Lankford and Alexander aren’t even the two most well-known GOP lawmakers to clash with the Obama Administration on campus civil liberties: In 2013, Sen. John McCain sent a letter to Eric Holder arguing that the Administration’s “suggested disciplinary procedures are direct hindrances to students’ and teachers’ First Amendment rights,” and questioning whether it had the authority to impose them. (The Administration later backed off from the regulations at issue in that particular case).
We are glad to see that Congress is asserting is oversight powers in this way: Under President Obama, the heavily ideological Office for Civil Rights in Education has effectively gone rogue, unilaterally forcing hundreds of colleges to rewrite their rules of conduct while mostly avoiding accountability.

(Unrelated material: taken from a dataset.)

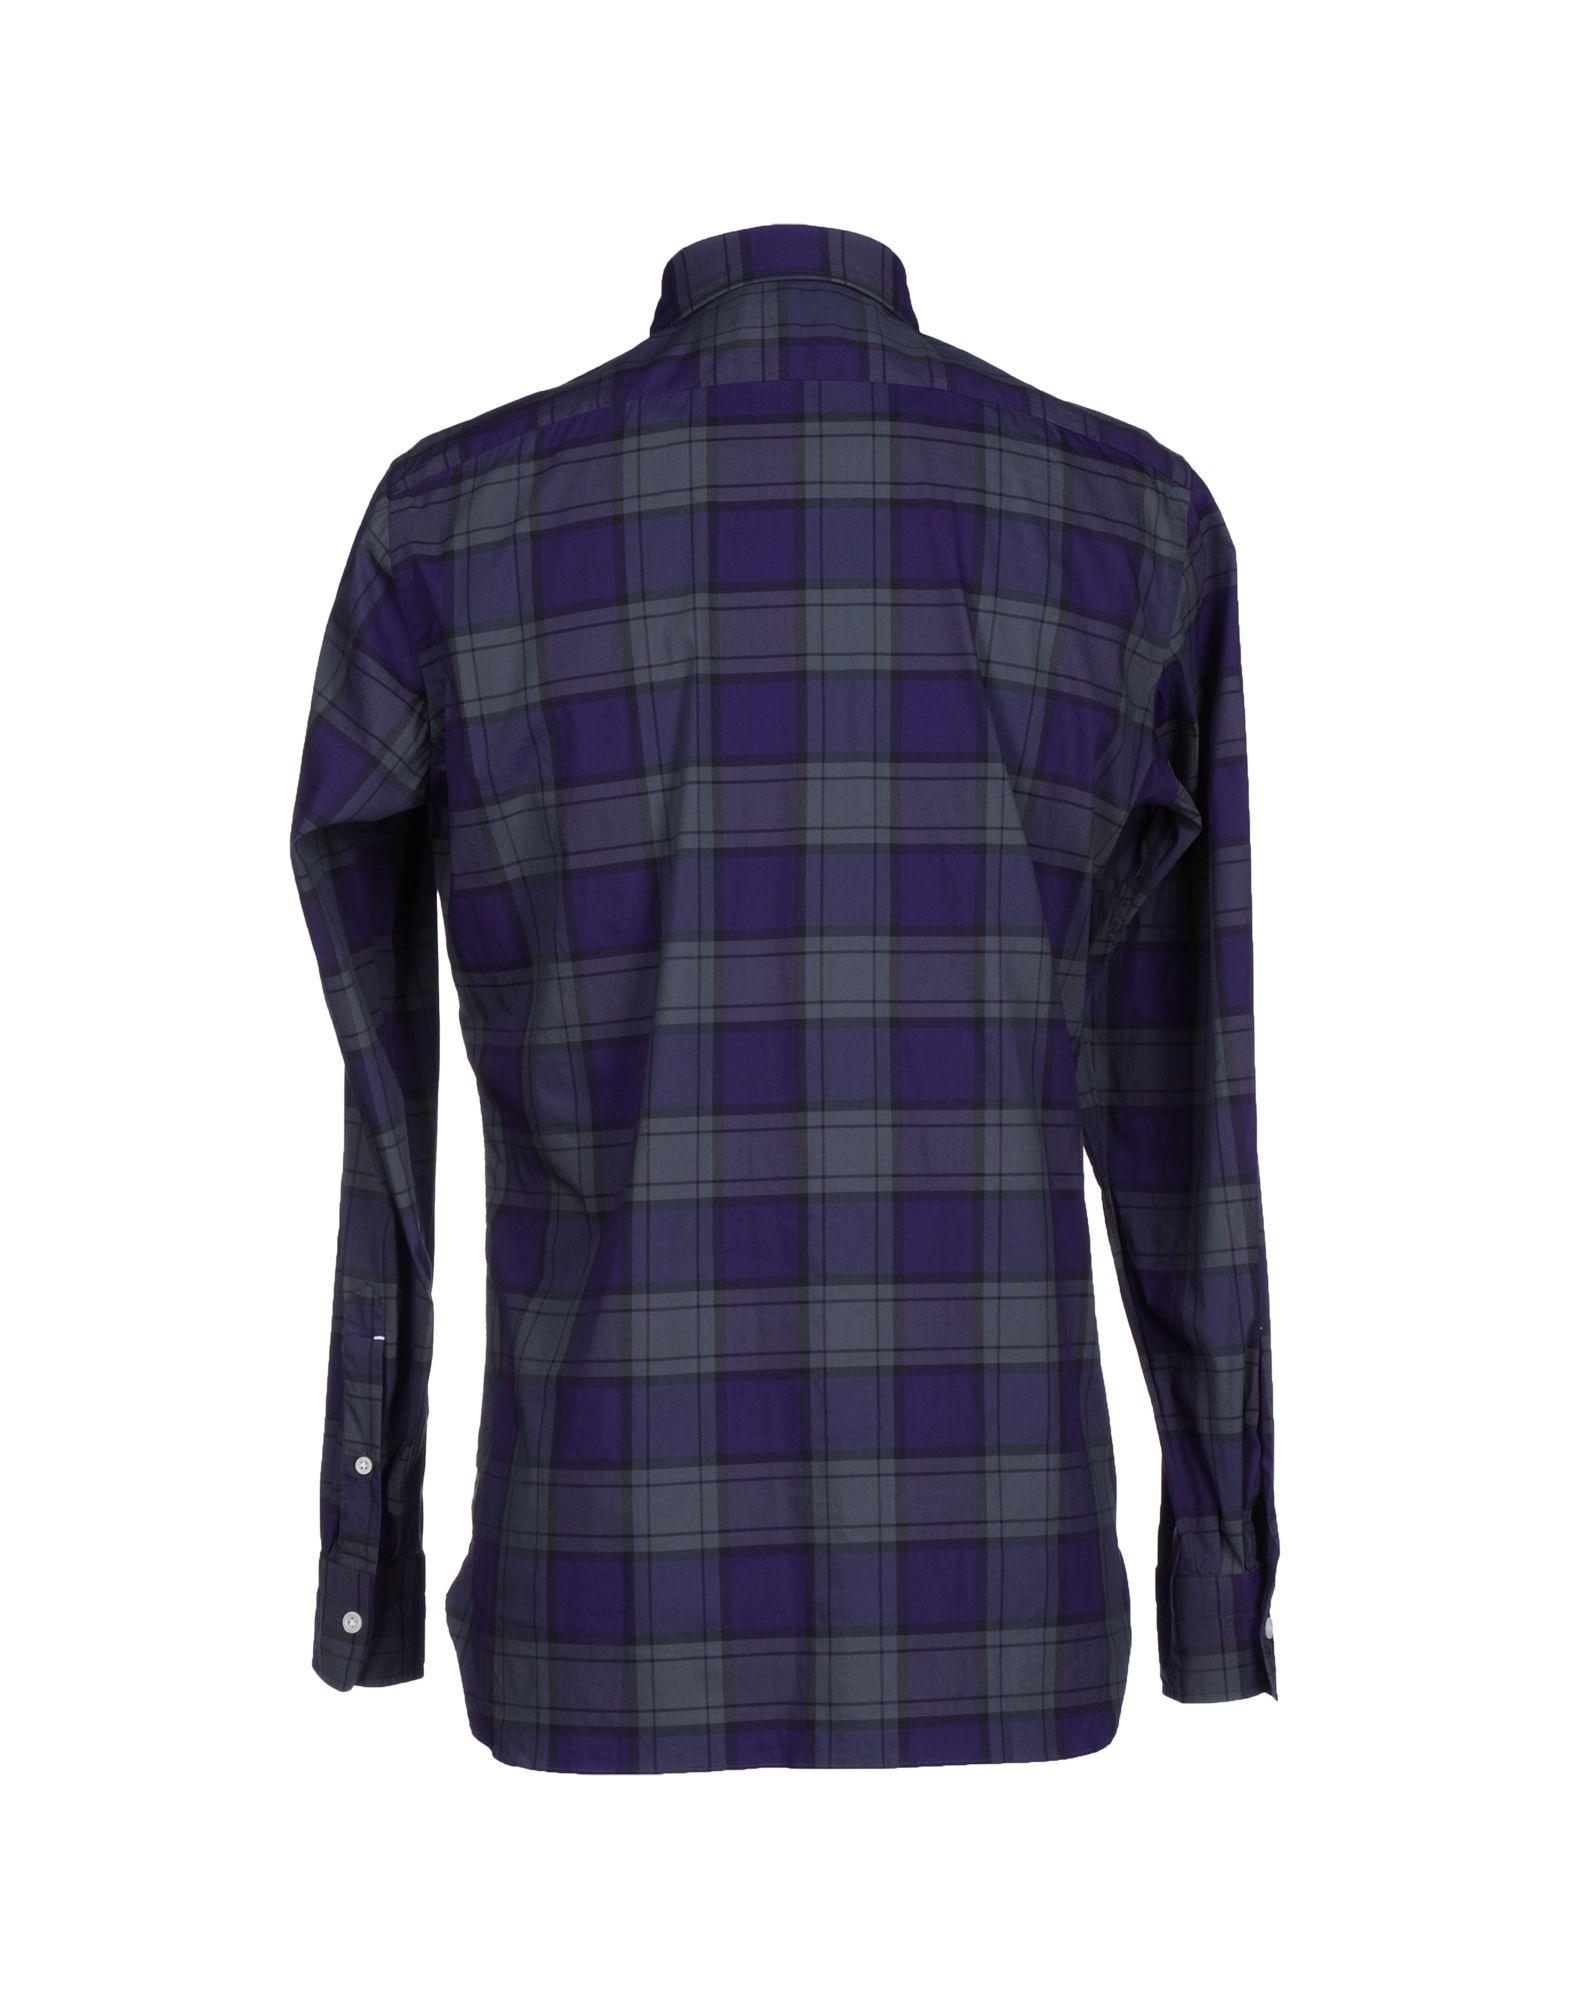 Luigi Borrelli Napoli Shirt In Purple For Men Lyst

Still, Congress needs to do more. So far, the fierce debate over campus civil liberties has been handled almost entirely by the executive (which has almost always sided with the campus left) and the courts (which are modestly pushing back, at least at the state level). Congress must take a larger role in resolving these questions, and in particular, clarifying its expectations of both campuses and administrative agencies. While this may be a polarizing issue, its likely that at least some Democratic lawmakers would be unwilling to support the more radical initiatives of the Department of Education bureaucrats. After all, President Obama has himself spoken up for campus free speech, and even Sen. Bernie Sanders has suggested that progressives are approaching the sexual assault issue the wrong way.

Also, the GOP could do worse than to attack the “war on women” schtick by pointing out the very real war on college men.